Nabajyoti Barkakoti: 
Director, Center for Technology and Engineering: 

Signed by: 

Gregory C. Wilshusen: 
Director, Information Security Issues: 

[End of section] 

Appendix I: Objectives, Scope, and Methodology: 

The objectives of our review were to assess the extent to which (1) 
the National Nuclear Security Administration (NNSA) has implemented 
contingency and disaster recovery planning and testing for its 
classified supercomputing assets, (2) the three laboratories are able 
to share classified supercomputing capacity for recovery operations, 
should service disruptions occur, and (3) NNSA tracks the costs for 
ensuring contingency and disaster recovery planning for its classified 
supercomputing assets. To address these objectives, we focused on 
contingency and disaster recovery planning activities at NNSA 
headquarters, as well as the operating environment for the 12 
classified supercomputing systems at the three weapons laboratories-- 
Los Alamos National Laboratory, Livermore National Laboratory, and 
Sandia National Laboratories. 

To assess the extent to which NNSA has implemented contingency and 
disaster recovery planning and testing for its classified 
supercomputing assets, we examined contingency and disaster recovery 
planning controls for the systems within the classified supercomputing 
environment that are critical to NNSA's achievement of its nuclear 
weapons mission. We collected and reviewed policies, procedures, and 
guidelines from the National Institute of Standards and Technology, 
the Committee on National Security Systems, the Department of Energy, 
and NNSA. We also reviewed contingency plans and business impact 
analyses provided by the weapons laboratories and compared them to 
federal guidelines. We interviewed NNSA and laboratory officials to 
determine whether they had documented critical system, data, and 
supporting resources and whether contingency plans had been tested. 
Further, we interviewed NNSA officials to determine to what extent 
they have provided specific guidance and oversight for the 
laboratories to ensure that contingency and disaster recovery planning 
requirements are being met. 

To determine the extent to which the three weapons laboratories have 
the ability to share supercomputing capacity for backup and recovery 
operations, we visited each weapons laboratory and gained an 
understanding of the overall classified supercomputing infrastructure 
and identified interconnectivity and control points. We performed 
technical assessments of supercomputing capabilities at each weapons 
laboratory, including each laboratory's ability to share 
supercomputing capacity under normal operating conditions. We reviewed 
the weapons laboratories' efforts to determine the minimal 
supercomputing capacity needed to meet NNSA Stockpile Stewardship 
Program requirements along with the ability of the weapons 
laboratories to share supercomputing capacity on an "on-demand" basis, 
including the use of advanced architecture systems.
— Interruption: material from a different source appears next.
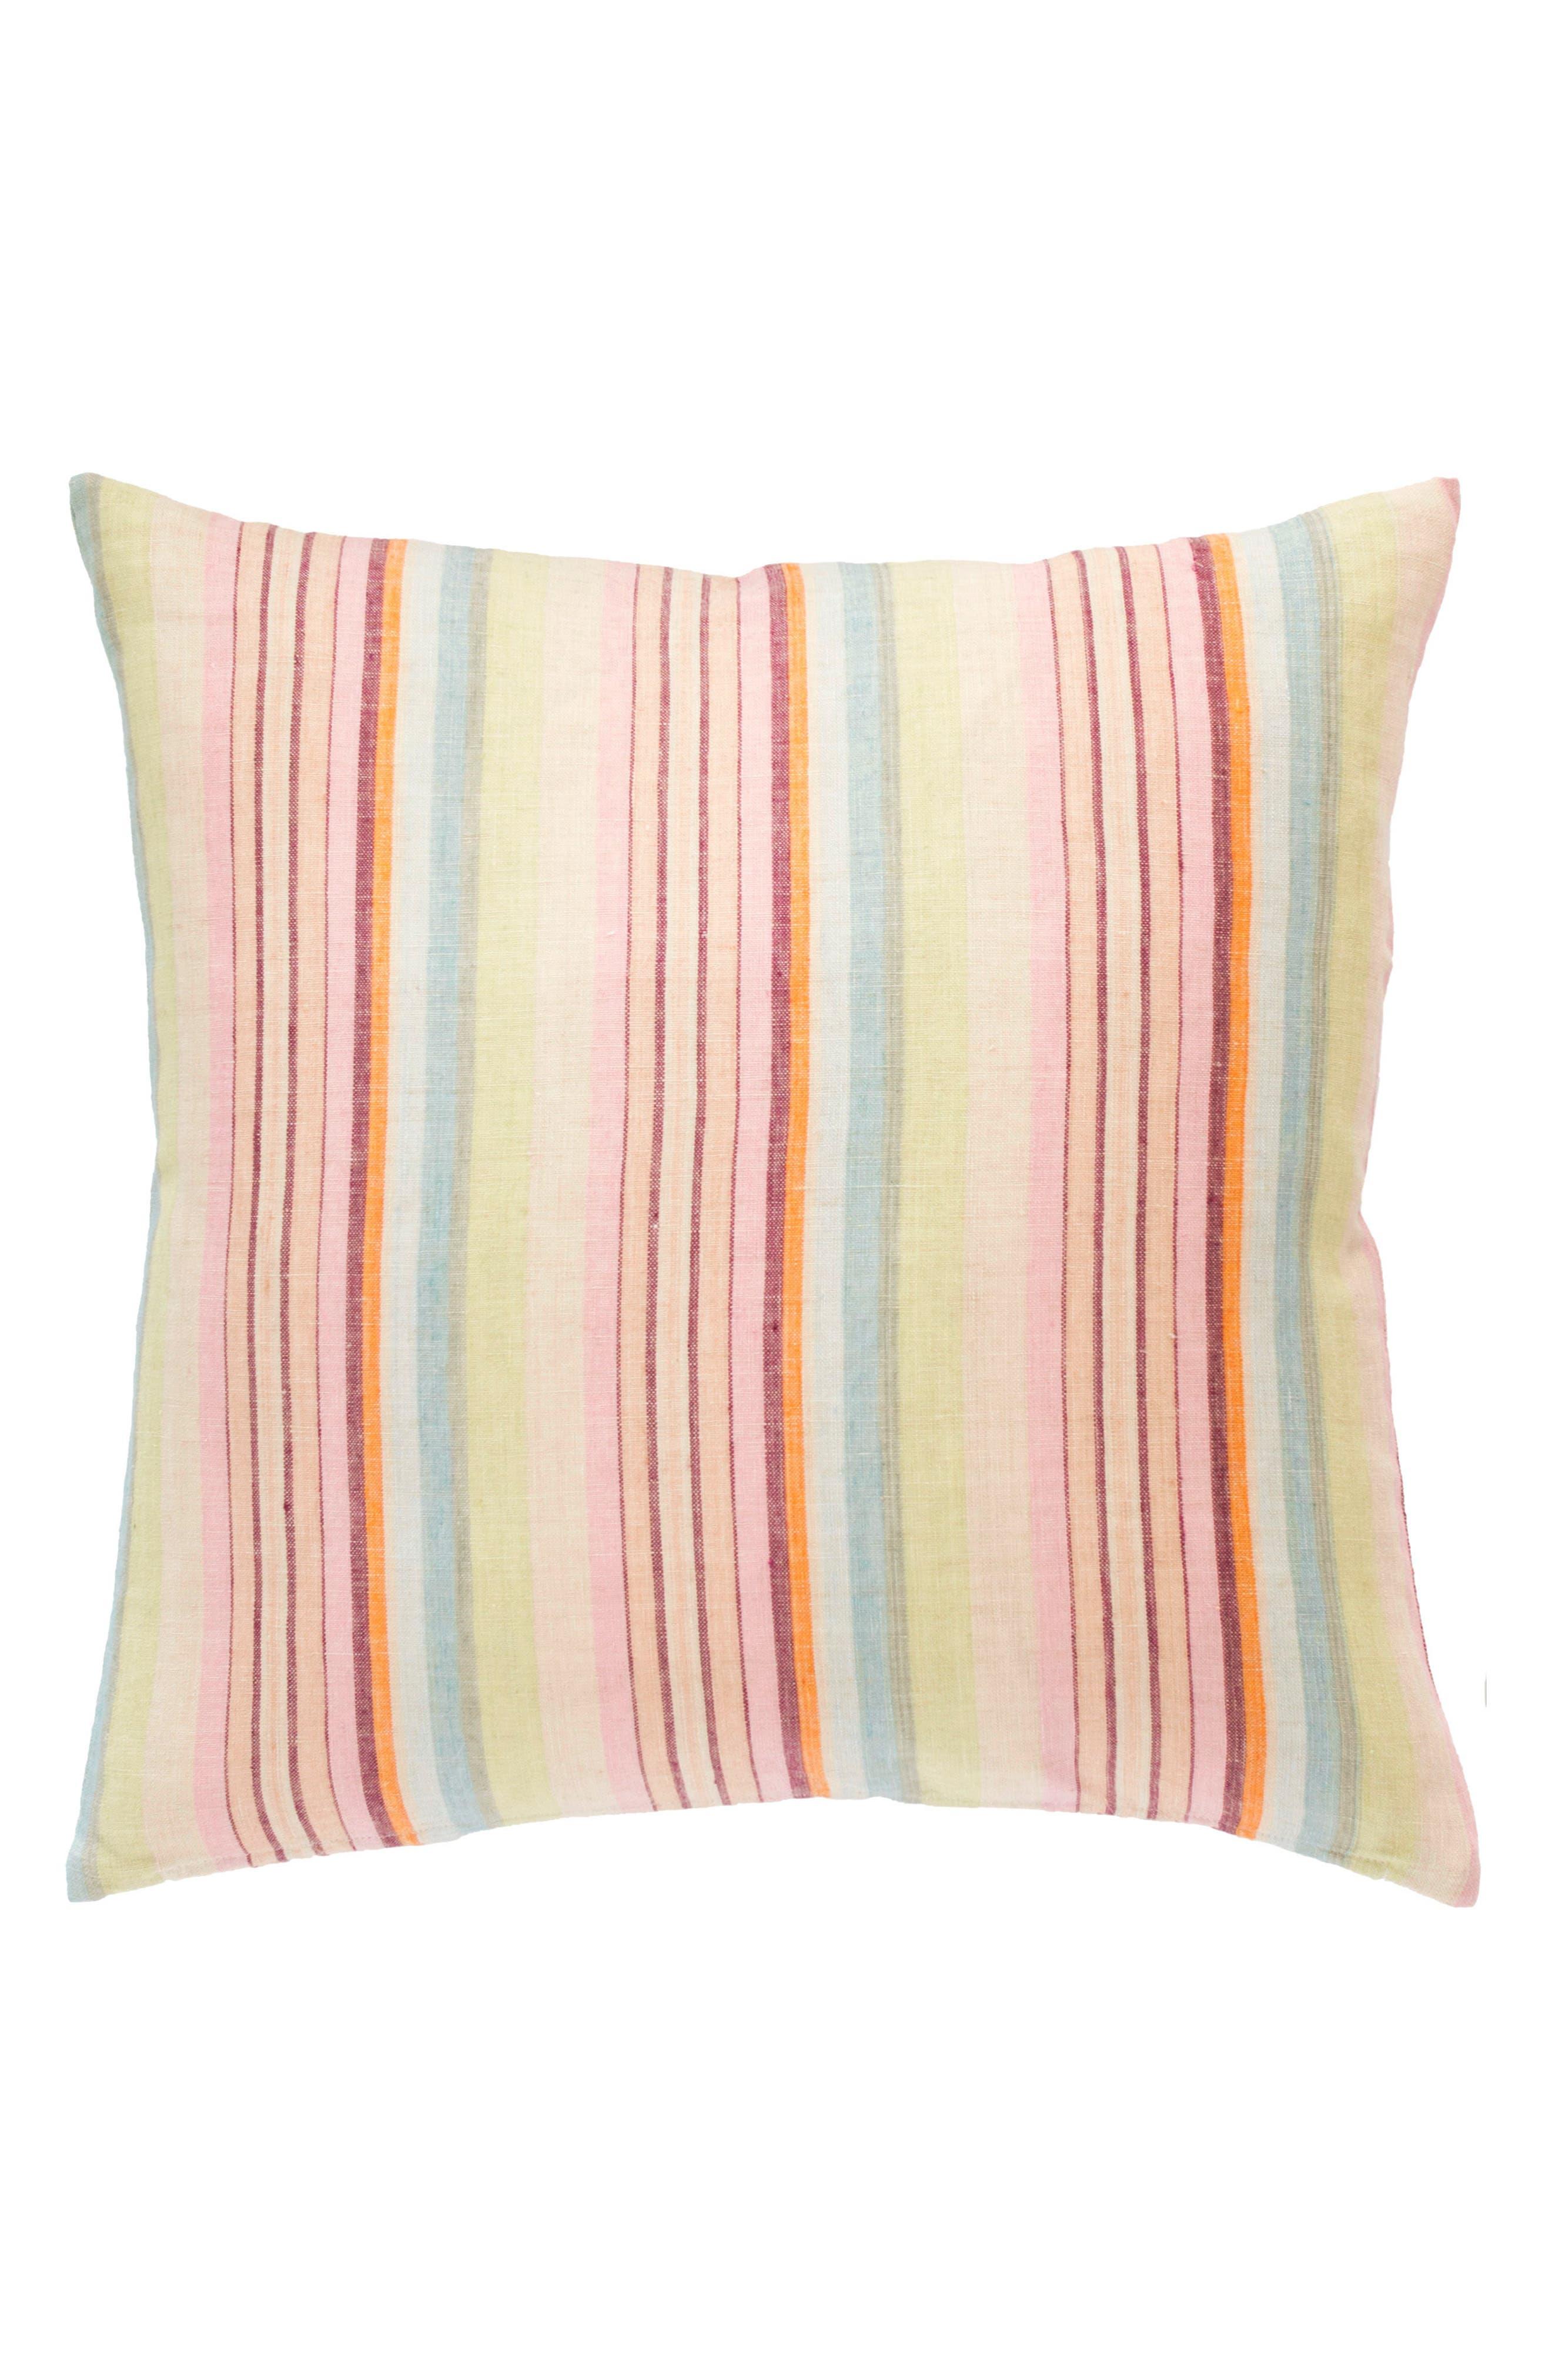 Savona Stripe Linen Accent Pillow,                             Main thumbnail 1, color,                             Pink

In addition, we 
obtained documents describing the supercomputing system environment as 
well as capacity information, along with the views of officials from 
NNSA and the three weapons laboratories. 

To assess the extent to which NNSA tracks costs for ensuring 
contingency and disaster recovery planning for classified 
supercomputing assets, we interviewed NNSA and weapons laboratory 
officials to determine how expenditures were tracked for contingency 
and disaster recovery planning of the classified supercomputing 
systems at each of the laboratories. We also requested the amount of 
funds NNSA obligated to the three weapons laboratories, and the amount 
of funds the laboratories spent, in implementing NNSA's classified 
supercomputing capabilities from fiscal years 2007 through 2009. 
Further, we interviewed NNSA and laboratory officials to determine how 
they projected future cost estimates for ensuring the recovery of 
these assets for fiscal years 2011 through 2014. To assess the 
reliability of data provided, we reviewed (1) the fiscal year 2009 
financial statement audit for the system and (2) responses NNSA 
provided to questions about processes and procedures for ensuring the 
accuracy and completeness of data. Based on this information, we 
determined the data are sufficiently reliable for the purposes of this 
report. 

We conducted this performance audit from December 2009 through 
December 2010 in accordance with generally accepted government 
auditing standards. Those standards require that we plan and perform 
the audit to obtain sufficient, appropriate evidence to provide a 
reasonable basis for our findings and conclusions based on our audit 
objectives. We believe that the evidence obtained provides a 
reasonable basis for our findings and conclusions based on our audit 
objectives. 

[End of section] 

Appendix II: NNSA Annual Obligations for Its Advanced Simulation and 
Computing Program, Fiscal Years 2007 through 2009: 

NNSA reported obligating approximately $1.7 billion from fiscal years 
2007 through 2009 to support Advanced Simulation and Computing (ASC) 
program activities at the three weapons laboratories. The $1.7 billion 
was used mainly for three efforts: 

Weapons codes and models. This effort is intended to develop and 
improve weapons simulation codes and models for predicting the 
behavior of weapons systems and devices in the nuclear stockpile. 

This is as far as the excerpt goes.